5 HISTORY AND PROSPECTS

5.1. BRIEF PROFILE

5.1.1. The Offerors

Saif Holdings Limited

Saif Holdings Limited ("SHL") was incorporated on February 4, 1993, and is the parent company of SPL.
SHL defines and reviews the business and investment activities of the Saif Group and provides consultancy
and other related services to associated companies.

SHL investment portfolio includes:

• Textiles (Saif Textile Mills Limited, Kohat Textile Mills Limited, Mediterranean Textile Company);

• Power generation (Saif Power Limited)

• Oil and Gas Exploration (Saif Energy Limited)

• Information Technology (Softech Systems Private Limited)

• Healthcare Services (Saif Healthcare Limited)
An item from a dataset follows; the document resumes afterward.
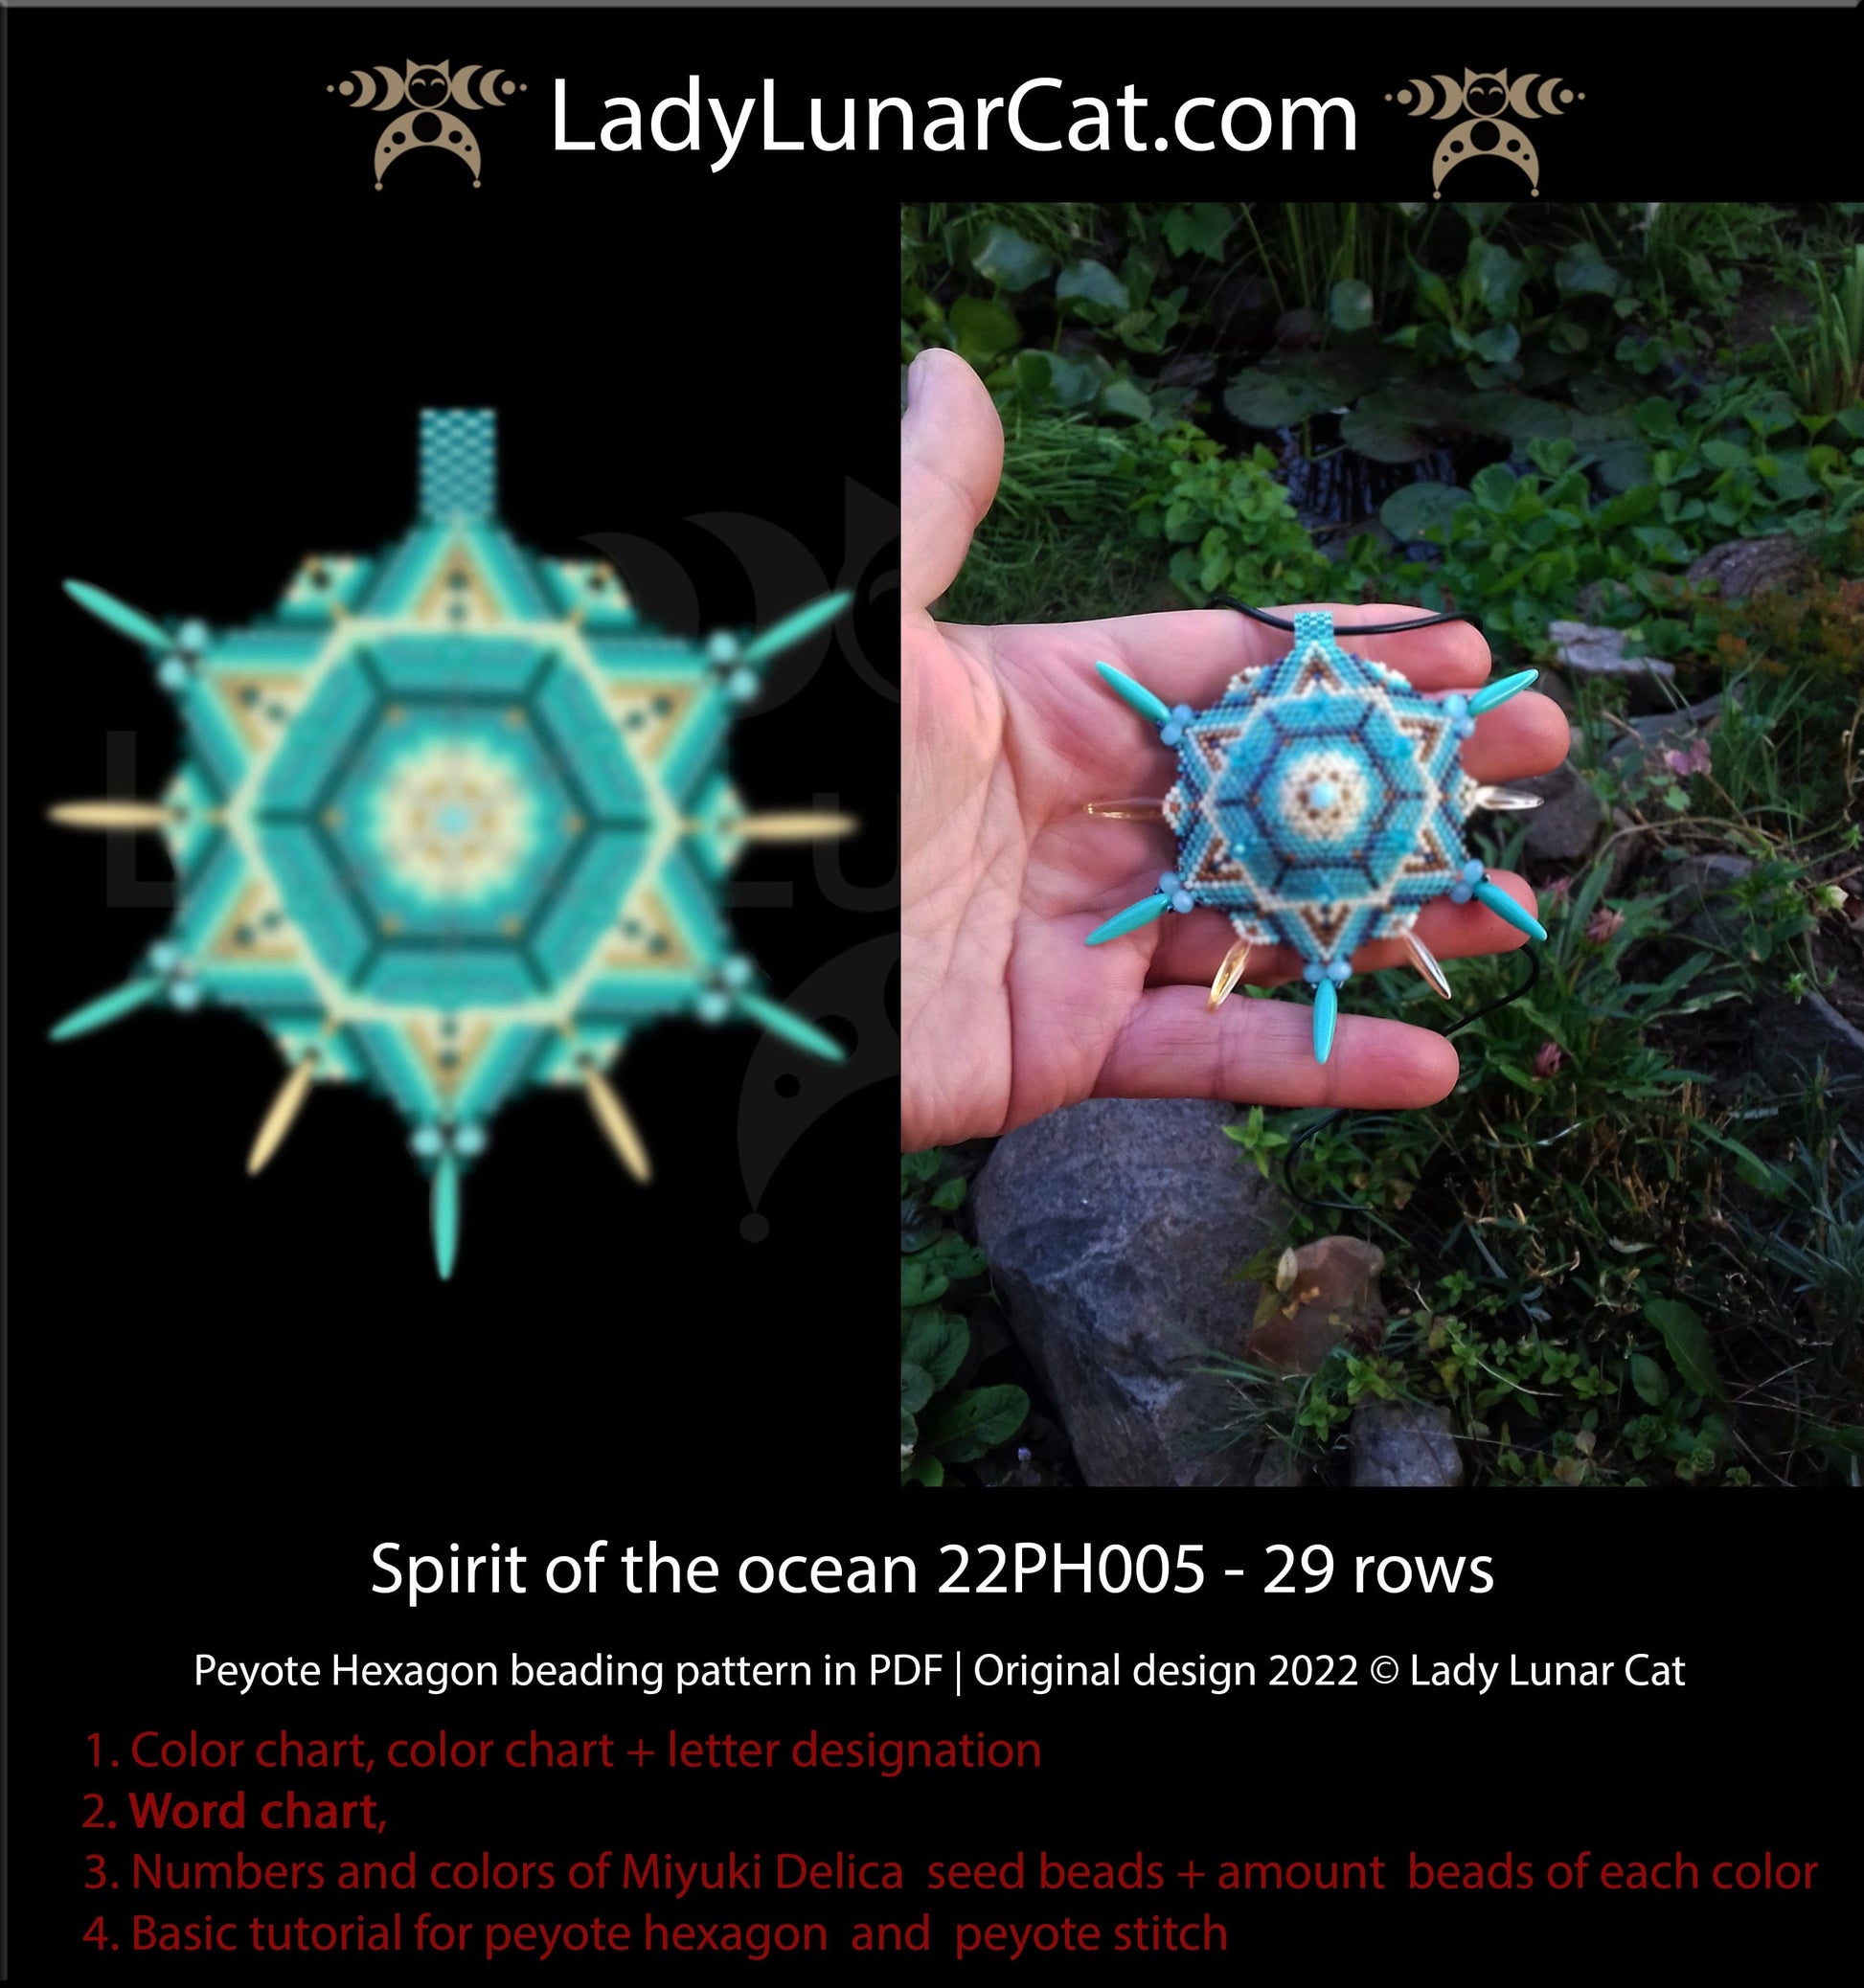 Peyote hexagon pattern for beading Spirit of the ocean 22PH005 LadyLunarCat
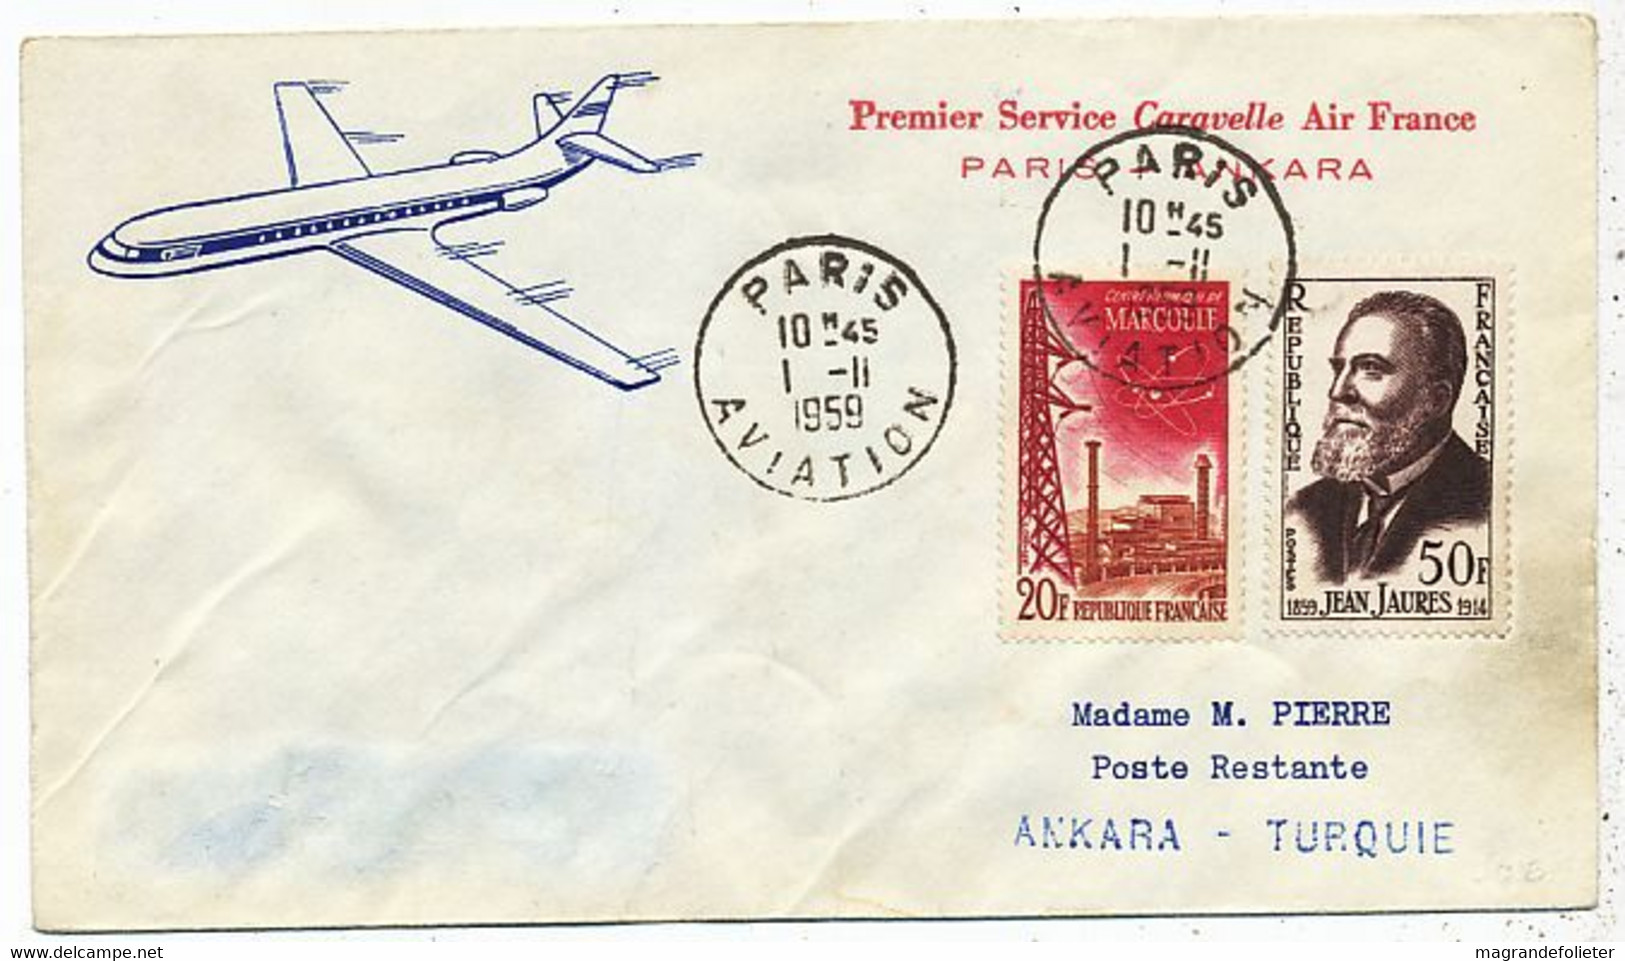 AVION AVIATION AIRLINE AIR FRANCE PREMIER SERVICE CARAVELLE PARIS-ANKARA 1959 - Zertifikate

• Real Estate (Utopia Developers Private Limited, Elite Estates Private Limited) &

• Environmental Management (Lahore Compost Private Limited)

SHL undertakes the following work:

a. Building networks with project partners and achieving shared objectives through the utilization of synergies;

b. Managing network and alliance development;

c. Assisting in Governmental & Regulatory Relations services;

d. Providing strategic assistance and advisory services on asset acquisition and procurement;

e. Nurturing an enterprise culture throughout the organization;

f. Establishing the benchmark for recruitment and people development.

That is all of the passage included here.